= Elisenda Grigsby =

American mathematician

Julia Elisenda (Eli) Grigsby is an American mathematician who works as a professor at Boston College. Her research began with the study of low-dimensional topology, including knot theory and category-theoretic knot invariants. She is currently working in the field of machine learning.

==Education and career==
Grigsby earned a bachelor's degree in mathematics from Harvard University in 1999, after earlier forays into biochemistry and physics.

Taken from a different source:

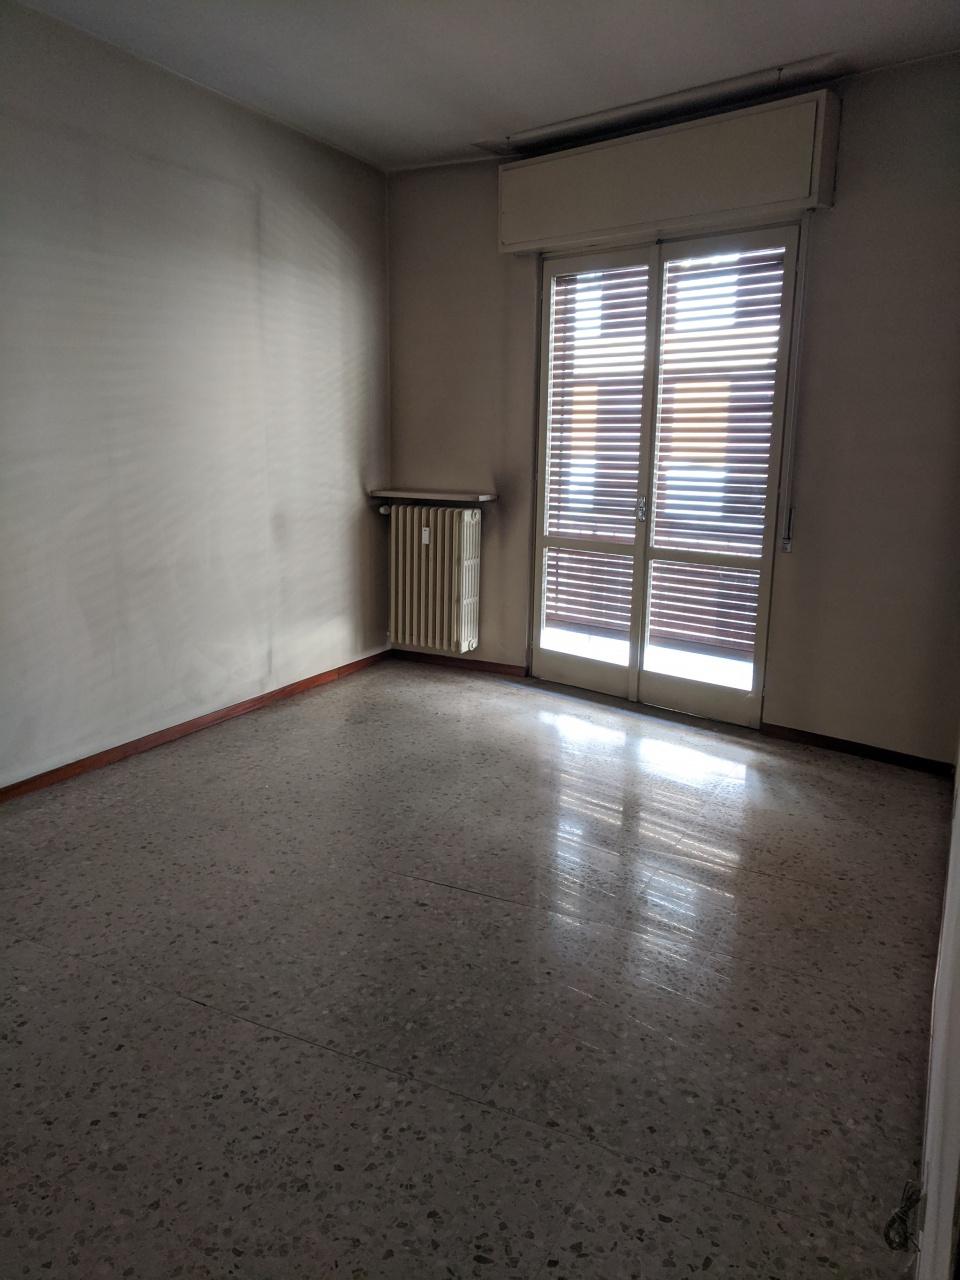 Appartamento STRADELLA 21.13

After a year working as an operations researcher in Silicon Valley, she returned to graduate school at the University of California, Berkeley, and completed her doctorate in 2005 under the joint supervision of Robion Kirby and Peter Ozsváth.

She was a postdoctoral researcher at Columbia University and the Mathematical Sciences Research Institute, and joined the Boston College faculty in 2009.

==Service==
Grigsby belongs to the advisory board of Girls' Angle, a non-profit organization for encouraging girls to participate in mathematics, and is responsible for creating a sequence of video lectures by women in mathematics for Girls' Angle.

==Recognition==
In 2014 she became the inaugural winner of the Joan & Joseph Birman Research Prize in Topology and Geometry, given biennially by the Association for Women in Mathematics to an outstanding early-career female researcher in topology and geometry.